Figure 3.

Prenatal steroid treatment reduces insulitis and the incidence of T1D in NOD mice. (A) Schematic representation of the NOD mouse model. (B) Percentage of T1D-free NOD mice during 25 weeks of follow-up (n = 16–18 females per group). Gehan–Breslow–Wilcoxon test was used for statistical analysis. (C) Frequency of CD4⁺, Treg cells, CD8⁺, and DN splenocytes from female NOD mice at 6 weeks (n = 9–12 per group). (D) Comparison of Vβ chain usage between NOD offspring from betamethasone- (Bet) and sham-treated (PBS) dams at 6 weeks of age (n = 9–12 per group, female). Each T cell receptor (TCR) Vβ chain among CD4⁺ and CD8⁺ T cells is represented by a segment proportional in size to its frequency (which on average cover between 55 and 78% of all cells within the T cell subsets, the segment “other Vβ” indicates Vβ chain expression not covered by our panel of TCR Vβ chain-specific Abs).

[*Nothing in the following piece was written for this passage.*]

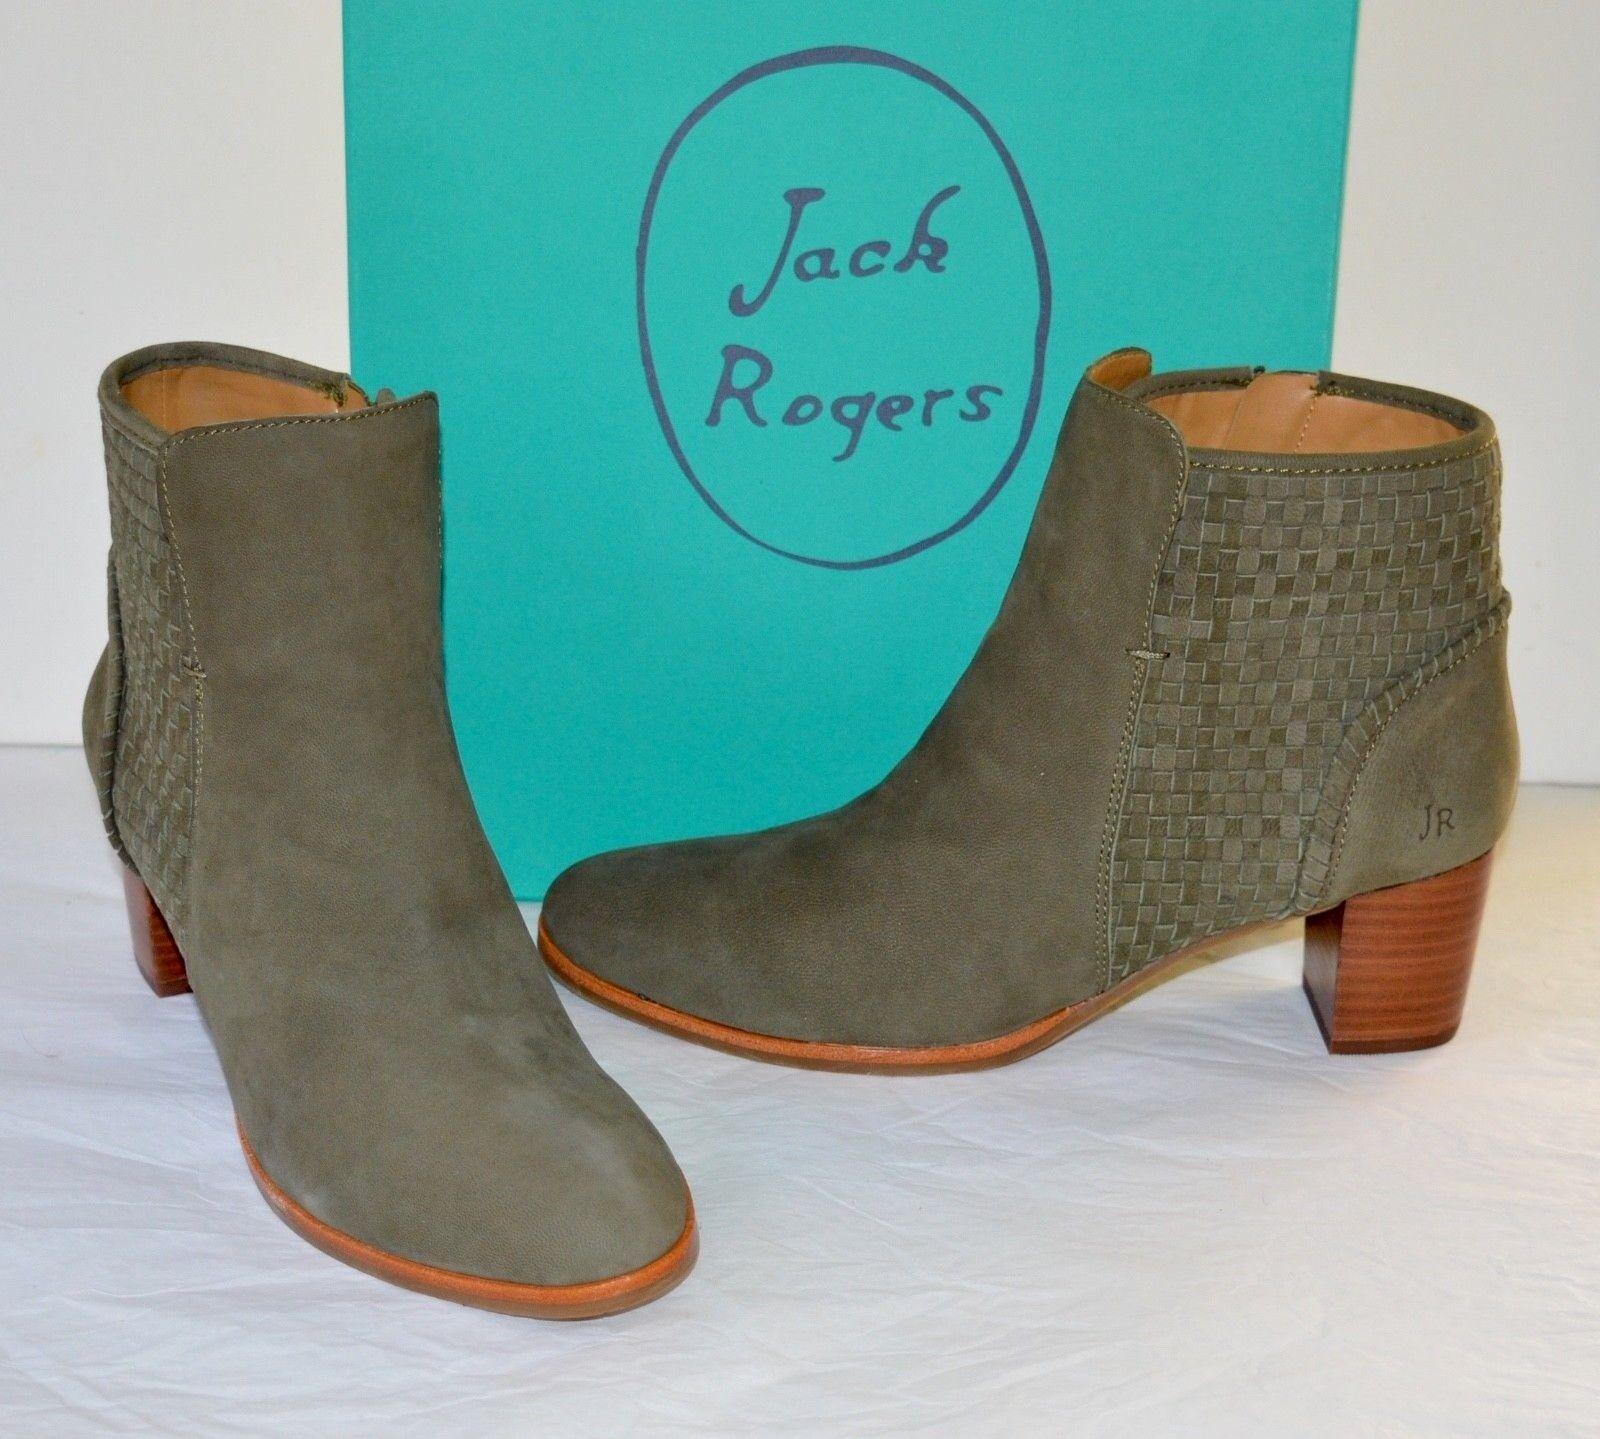 per offrirti un piacevole shopping online New  168 Jack Rogers Deborah Olive Olive Olive verde Suede Ankle stivali avvioie Woven Short  l'intera rete più bassa

Segments marked with a star differ statistically significant between the groups (PBS or Bet), framed segments indicate TCR Vβ chains important for autoimmune disease in NOD mice. (E) Detailed results for the relevant TCR Vβ12 in CD4⁺ and TCR Vβ4 and Vβ6 in CD8⁺ spleen cells. N-way ANOVA was used for statistical analysis of TCR Vβ chain usage. (F) Representative H&E stained sections of pancreata from male and female T1D-free mice at sacrifice (25 weeks). (G) Insulitis score and (H) percentage of islets (presented as degree of infiltration: 0 = no insulitis, 1 = peri-insular inflammation, 2 = infiltration < 25%, 3 = infiltration 25–75%, 4 = infiltration > 75%) from non-diabetic male and female (n = 3 per group) NOD mice. Unpaired Student’s t-test was used for statistical analysis, *P < 0.05 and **P < 0.01.